* _About this exercise_
Set down the data that follows again, exactly as written.

Records excerpted from a collection
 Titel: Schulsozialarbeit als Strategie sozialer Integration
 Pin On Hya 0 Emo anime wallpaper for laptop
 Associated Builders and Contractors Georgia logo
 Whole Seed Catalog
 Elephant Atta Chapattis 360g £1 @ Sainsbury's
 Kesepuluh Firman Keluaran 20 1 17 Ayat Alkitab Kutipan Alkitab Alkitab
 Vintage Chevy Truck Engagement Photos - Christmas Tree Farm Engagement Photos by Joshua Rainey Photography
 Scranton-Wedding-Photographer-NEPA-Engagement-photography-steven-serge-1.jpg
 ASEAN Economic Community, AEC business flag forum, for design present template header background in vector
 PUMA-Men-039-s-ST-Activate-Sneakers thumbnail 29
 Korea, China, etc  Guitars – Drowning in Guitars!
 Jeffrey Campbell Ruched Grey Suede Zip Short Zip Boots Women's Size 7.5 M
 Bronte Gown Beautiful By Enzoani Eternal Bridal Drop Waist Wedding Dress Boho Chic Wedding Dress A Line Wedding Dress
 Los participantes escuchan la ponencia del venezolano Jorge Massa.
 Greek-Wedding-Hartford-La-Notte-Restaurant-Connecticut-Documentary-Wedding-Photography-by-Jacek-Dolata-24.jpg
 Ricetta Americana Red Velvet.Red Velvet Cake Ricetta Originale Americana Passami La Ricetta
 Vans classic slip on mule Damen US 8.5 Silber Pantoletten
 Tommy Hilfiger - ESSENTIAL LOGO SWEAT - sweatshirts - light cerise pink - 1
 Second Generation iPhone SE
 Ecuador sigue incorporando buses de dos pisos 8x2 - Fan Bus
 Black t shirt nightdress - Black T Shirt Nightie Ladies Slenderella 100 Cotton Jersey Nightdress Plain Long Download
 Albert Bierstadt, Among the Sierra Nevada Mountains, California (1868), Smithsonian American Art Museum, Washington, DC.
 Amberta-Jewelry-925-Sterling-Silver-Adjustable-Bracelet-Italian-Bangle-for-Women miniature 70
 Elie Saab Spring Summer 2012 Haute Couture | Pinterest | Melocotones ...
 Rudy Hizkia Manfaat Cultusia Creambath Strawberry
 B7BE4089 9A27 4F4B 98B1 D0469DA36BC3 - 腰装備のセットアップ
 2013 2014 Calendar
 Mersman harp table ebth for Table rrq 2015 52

* _Task solution_
 Titel: Schulsozialarbeit als Strategie sozialer Integration
 Pin On Hya 0 Emo anime wallpaper for laptop
 Associated Builders and Contractors Georgia logo
 Whole Seed Catalog
 Elephant Atta Chapattis 360g £1 @ Sainsbury's
 Kesepuluh Firman Keluaran 20 1 17 Ayat Alkitab Kutipan Alkitab Alkitab
 Vintage Chevy Truck Engagement Photos - Christmas Tree Farm Engagement Photos by Joshua Rainey Photography
 Scranton-Wedding-Photographer-NEPA-Engagement-photography-steven-serge-1.jpg
 ASEAN Economic Community, AEC business flag forum, for design present template header background in vector
 PUMA-Men-039-s-ST-Activate-Sneakers thumbnail 29
 Korea, China, etc  Guitars – Drowning in Guitars!
 Jeffrey Campbell Ruched Grey Suede Zip Short Zip Boots Women's Size 7.5 M
 Bronte Gown Beautiful By Enzoani Eternal Bridal Drop Waist Wedding Dress Boho Chic Wedding Dress A Line Wedding Dress
 Los participantes escuchan la ponencia del venezolano Jorge Massa.
 Greek-Wedding-Hartford-La-Notte-Restaurant-Connecticut-Documentary-Wedding-Photography-by-Jacek-Dolata-24.jpg
 Ricetta Americana Red Velvet.Red Velvet Cake Ricetta Originale Americana Passami La Ricetta
 Vans classic slip on mule Damen US 8.5 Silber Pantoletten
 Tommy Hilfiger - ESSENTIAL LOGO SWEAT - sweatshirts - light cerise pink - 1
 Second Generation iPhone SE
 Ecuador sigue incorporando buses de dos pisos 8x2 - Fan Bus
 Black t shirt nightdress - Black T Shirt Nightie Ladies Slenderella 100 Cotton Jersey Nightdress Plain Long Download
 Albert Bierstadt, Among the Sierra Nevada Mountains, California (1868), Smithsonian American Art Museum, Washington, DC.
 Amberta-Jewelry-925-Sterling-Silver-Adjustable-Bracelet-Italian-Bangle-for-Women miniature 70
 Elie Saab Spring Summer 2012 Haute Couture | Pinterest | Melocotones ...
 Rudy Hizkia Manfaat Cultusia Creambath Strawberry
 B7BE4089 9A27 4F4B 98B1 D0469DA36BC3 - 腰装備のセットアップ
 2013 2014 Calendar
 Mersman harp table ebth for Table rrq 2015 52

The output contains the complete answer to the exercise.